Spent some time with my journal this morning. A much needed journal date...my journal always brings me back to myself. My coffee and compliant children make it an even more fulfilling moment.
Some of my big goals for this week, next week, and probably the weeks after that:
* Be Fully present and in the moment...especially with my kids
* Get down to their level (my kids') and Play! Get lost in PLAY--even if only for 10-15 minutes. Remember what it is like to just play.
* Eat Well...lots of plant based foods.
* Running--Stay mentally focused on goals. But don't make running take priority over my family and role as a mother and wife. Remember what is MOST important
* Work on my writing--develop my character for my Children's book. believe and achieve! Set a date to send to publishers.

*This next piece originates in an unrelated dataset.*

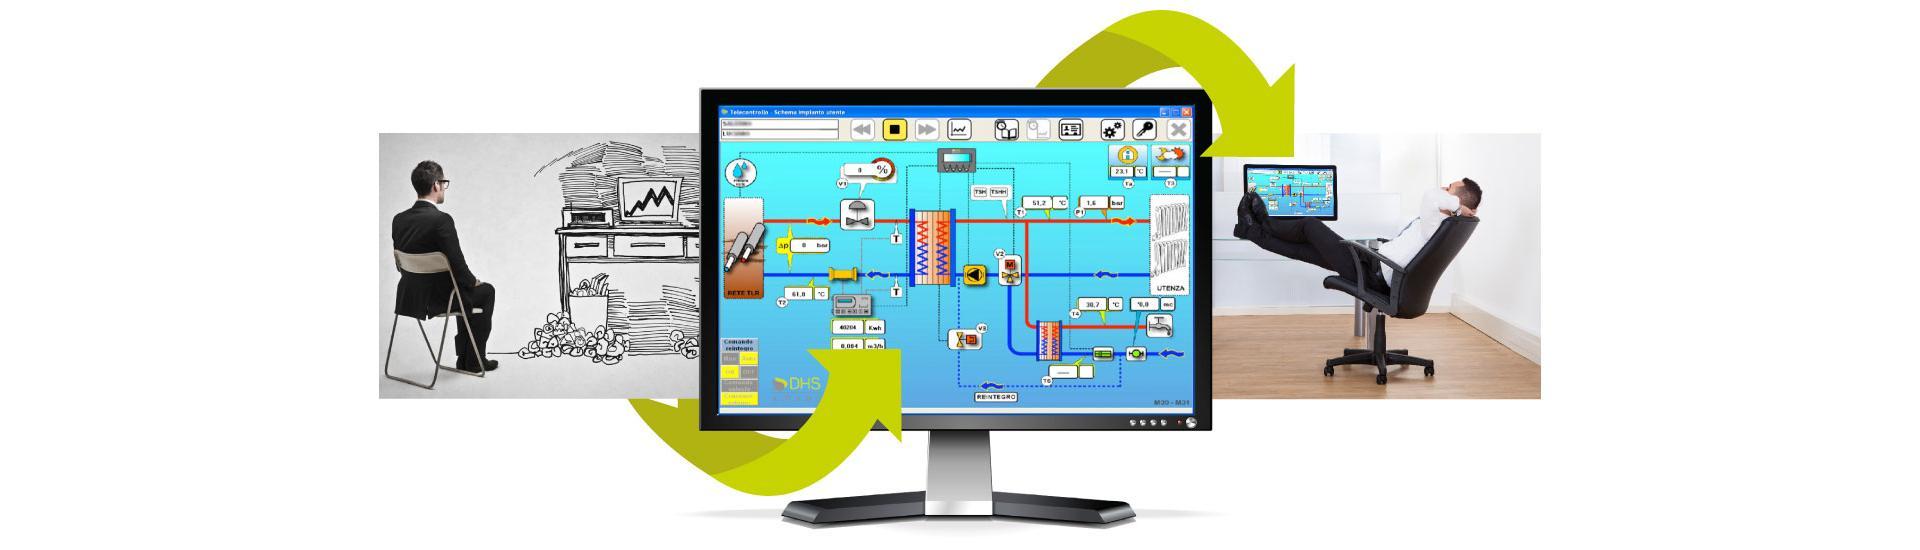 LIBERO 500, il software gestionale per l'ottimizzazione degli impianti di teleriscaldamento Amarc DHS.

* Write--Rewrite--Write--Rewrite--Tweek...Writing Children's stuff is hard...and hard to find the time to concentrate...so hard to find quiet time for me these days where i have a large chunk of time to just sit down and focus. Nights don't count because I'm exhausted by then.

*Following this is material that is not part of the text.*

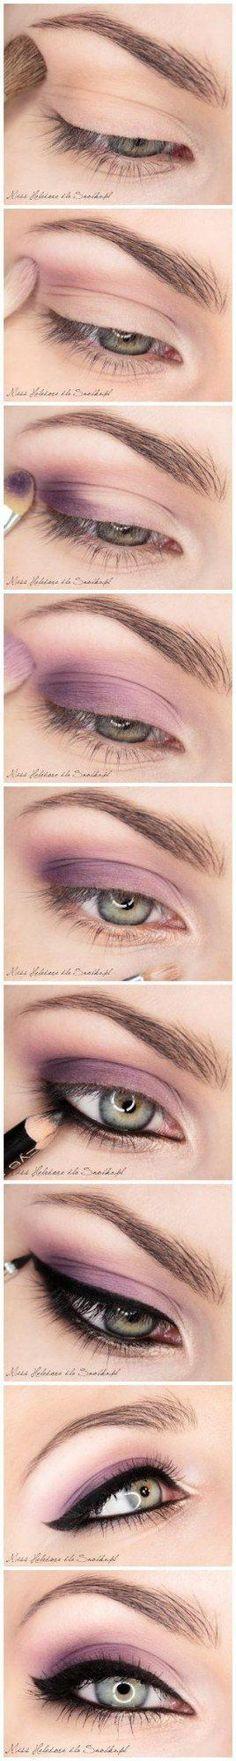 23 Gorgeous Eye Makeup Tutorials http://www.stylemotivation.com/23-gorgeous-eye-makeup-tutorials/

* Pray. Meditate. Be with God and open my heart.
* Focus on one thing longer than 5 minutes!!! Get a grip on my mommy ADD.
* Finish my book club book. Gee, it must have really sucked to be a nun in the 1500's. uggg.

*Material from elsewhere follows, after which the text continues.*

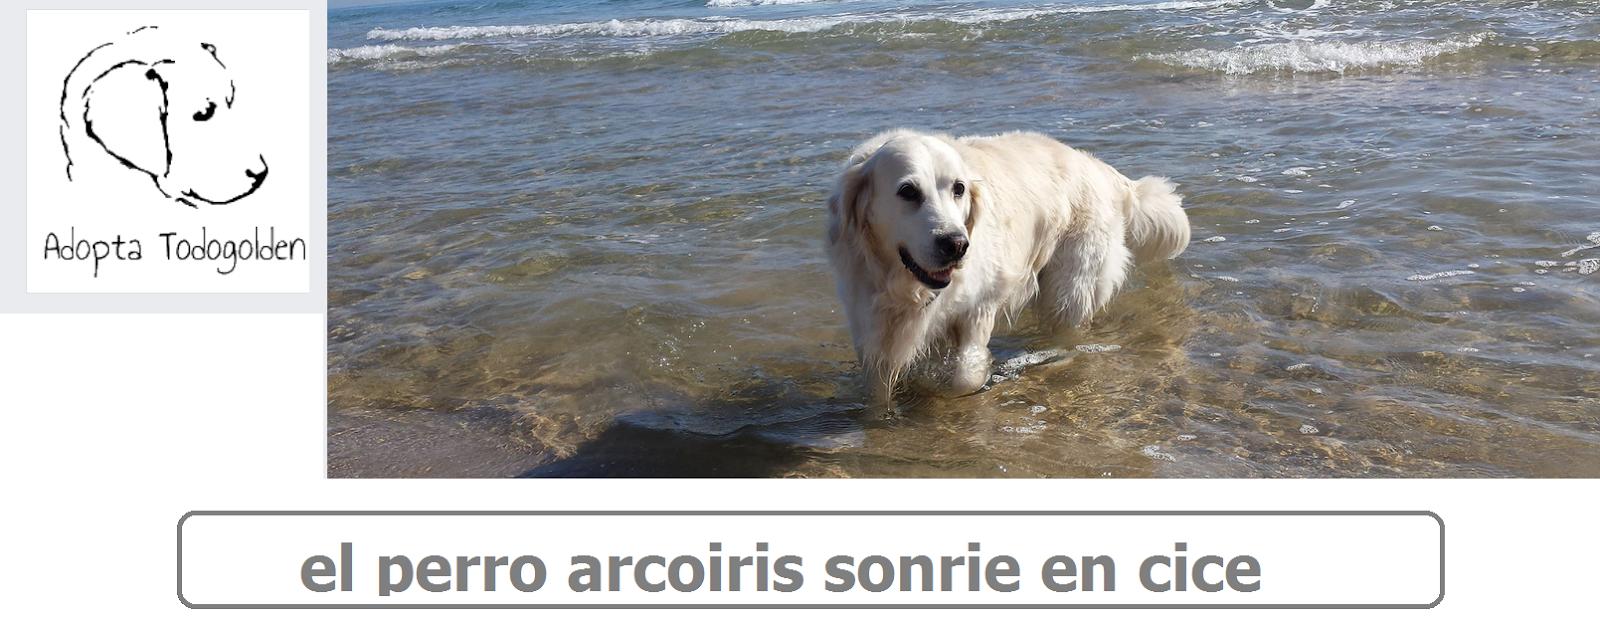 el perro arcoiris que sonrie en cice -goldenretriever

* Being my house all day with Energetic kids who want to run, jump, tear around, scream, dance....can drive me batty. Trying to let go of control and find ways to relax and forget about the constant unraveling of my house.
* Model Appropriate ways to react to stress. Breathe deep and try not to yell.
* Remember that my oldest is only 5 years old. Stop expecting her to act like an adult..she is still a kid. Realize that after watching Air Bender (cartoon version) with her daddy, she really was trying to bend water in the bath tub and not intending on flooding the floors. She got lost in the 5 year old moment of water bending practice. Bless her little heart.
* Read all of the books, magazines and articles that I have on my table...get off the blog reading for a bit more.
* Keep the computer closed for large chunks of the day and focus on being in the moment with my kids...This life...not getting sucked into the computer. A time and a place....set a time to give to e-mail, blog reading, facebook or whatever it happens to be and give that time and then get off. Otherwise, all the little checks throughout the day add up to more than I realize! This is important to me and being in the moment.
Hope this week is Blessed! What are some of your goals with life, parenthood, running or whatever? I'd love to hear!